We initiate a review on OCK Group with a non-rated rating and a target price of RM0.42, based on a targeted FY13 PER of 8.0x in tandem with FTSE Bursa Malaysia small capital index forward PER. OCK Group ('OCK') is principally involved in the provision of telecommunications network services, of which the Malaysia market is the group's principal market. The group has recently been granted a 5-year NFP license from MCMC, which allows it to build and own telecommunications towers. This could further strengthen the group's recurring income source, which currently mainly dependent on maintenance income generated from its telecommunications network services segment.
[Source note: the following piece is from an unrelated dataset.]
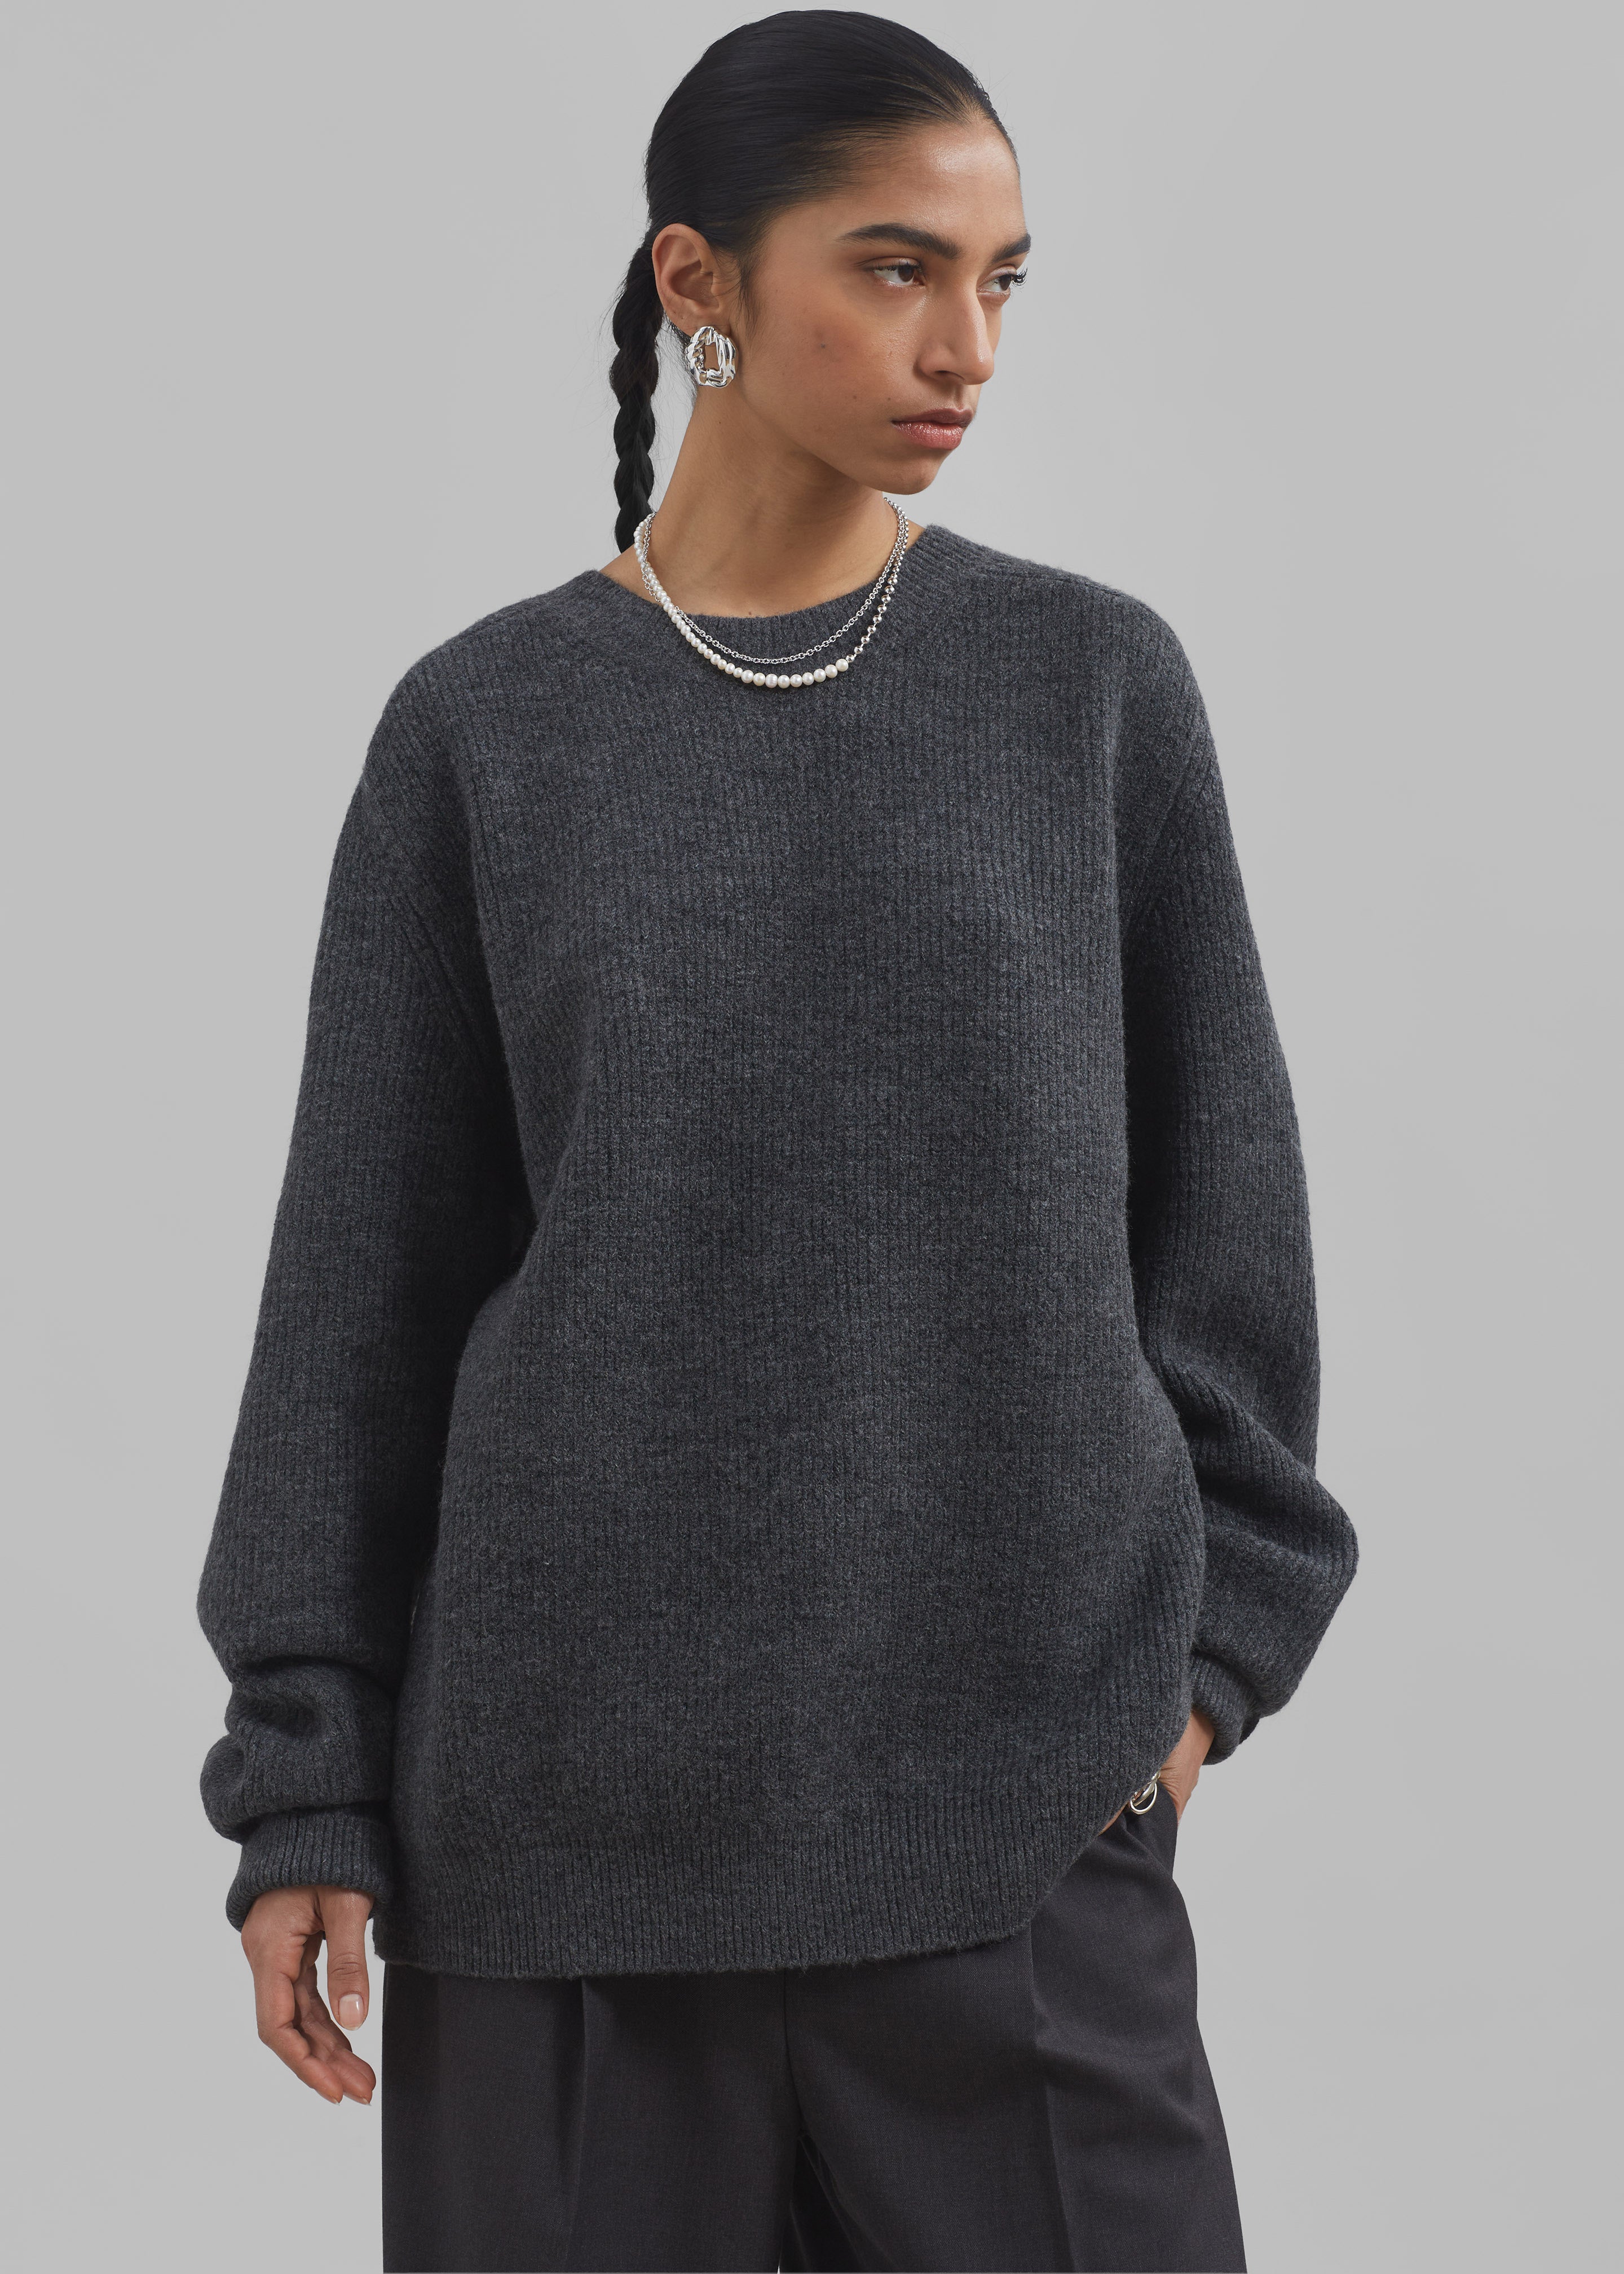 Emory Sweater - Charcoal - 7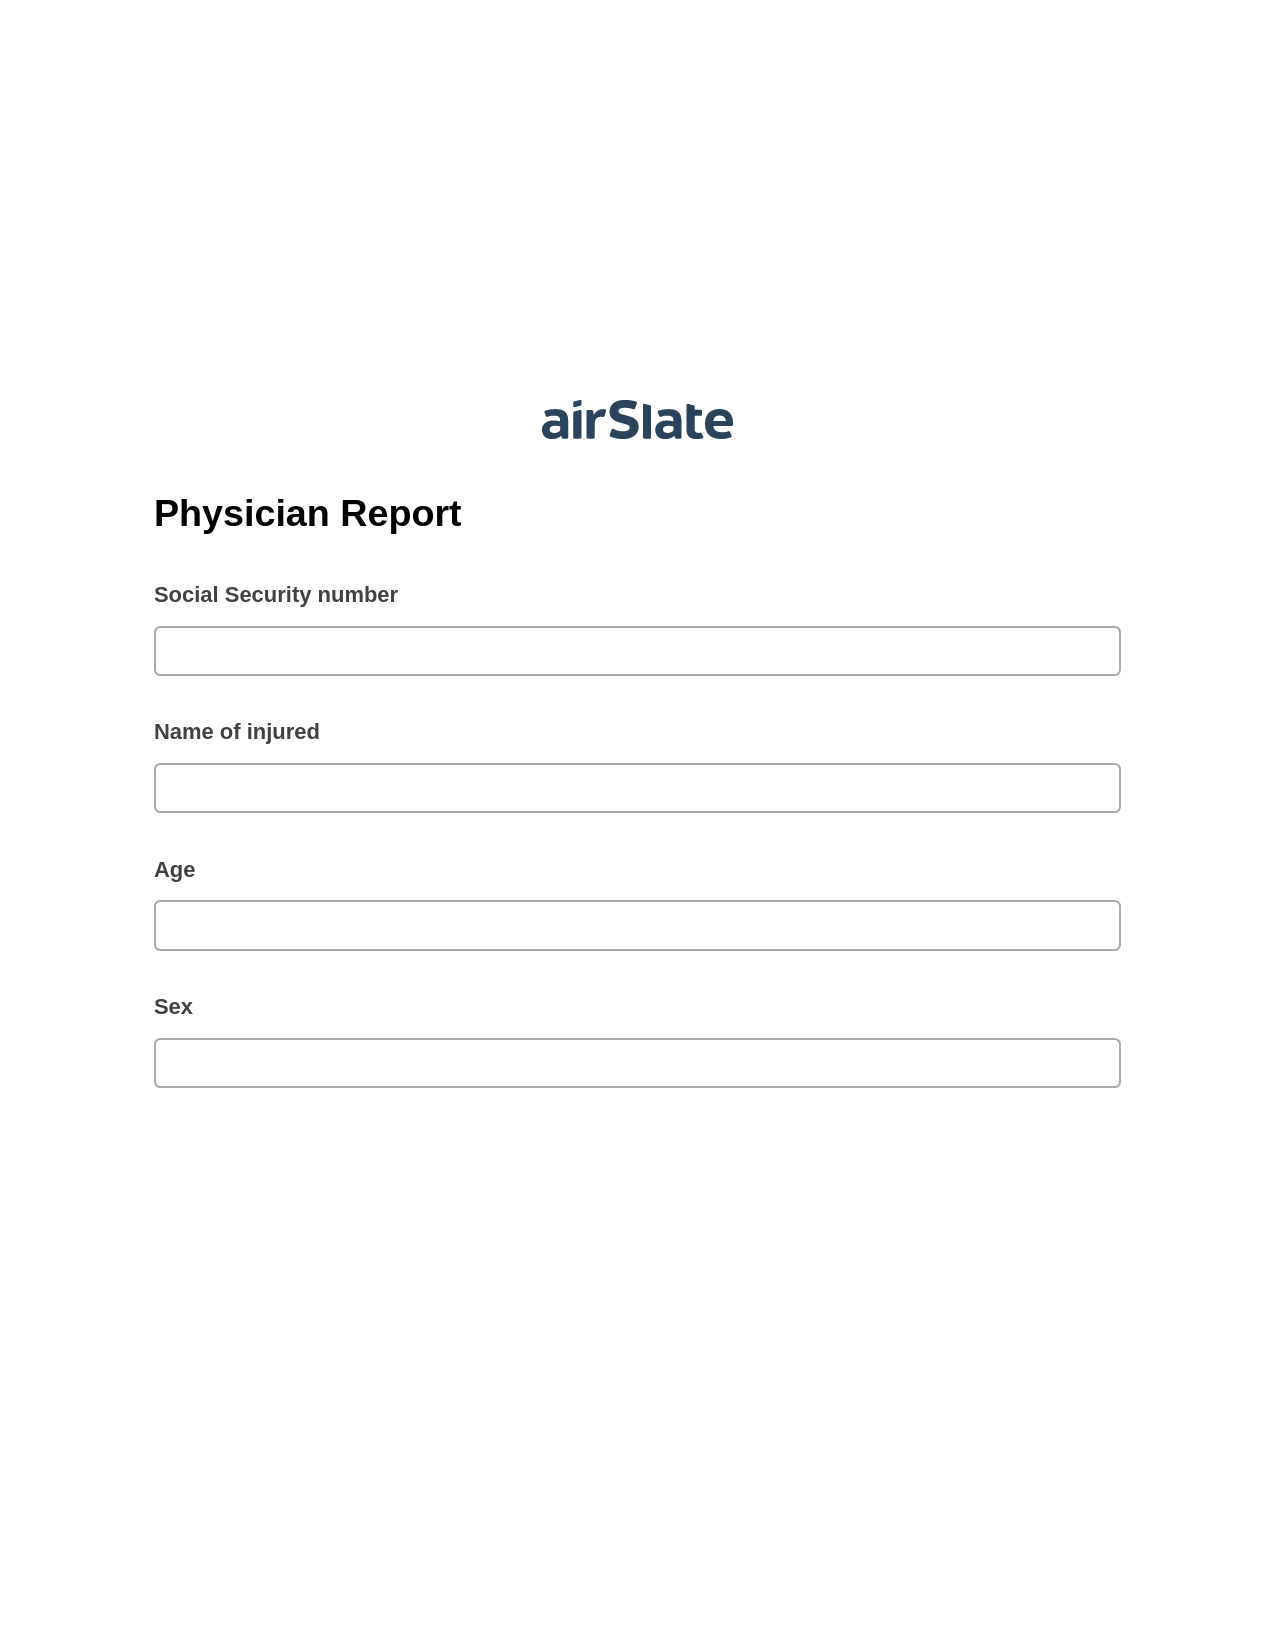 Physician Report Pre-fill from Salesforce Records Bot, Lock the Slate Bot, Archive to SharePoint Folder Bot

The group's competitive strengths are 1) a full range of turnkey solution provider for telecommunications network services; 2) its established market reputation and 3) its strong relationship with technology providers.
One-stop turnkey solution provider for telecommunications network services. OCK provides a full range of turnkey solutions for telecommunication network services ranging from network planning, design and optimisation to energy management as well as infrastructure management. With these comprehensive end-to-end solutions coupled with its vast expertise in the latest technology knowledge, the group is able to act as a one-stop-centre for telecommunication operators in its efforts to expand, upgrade, consolidate or manage their network infrastructures.
Rising recurring income via owning telecommunications infrastructure. The group's current recurring income is mainly derived from providing maintenance works. With the recent award of its 5-year NFP licence from MCMC, OCK plans to venture into being a telecommunication infrastructure owner by building/buying and managing telecommunication towers. Management believes tower operations could further strengthen its recurring income while at the same time yield it other additional revenue streams such as the sale of replacement equipments and maintenance packages. We understand that OCK has allocated RM9.9m (or 36.7%) from its IPO proceeds for this purpose and is targeting to build and own 40 telecommunication towers in the next one year and subsequently 50 towers for each year thereafter up to the next five years.
Expecting net profit to hit RM10.7m (+25.5% YoY) and RM13.6m (+26.8% YoY) in FY12 and FY13 respectively. We expect the group's FY12-FY13 turnover to be at RM107.3m (+21.5% YoY) and 136.8m (+27.4% YoY) respectively. Our assumptions are based on 1) a 15% p.a. growth in its core businesses and 2) telecommunication tower revenue contributions of RM2.9m in FY12 and RM6.5m in FY13 on the assumption that 40 and 50 towers will be built in these two financial years coupled with a monthly rental fee of RM6k per site. Margin-wise, we expect the group to be able to sustain its gross profit margin at around 26% but it may face some pressure at the PBT level due to escalating depreciation and administrative costs.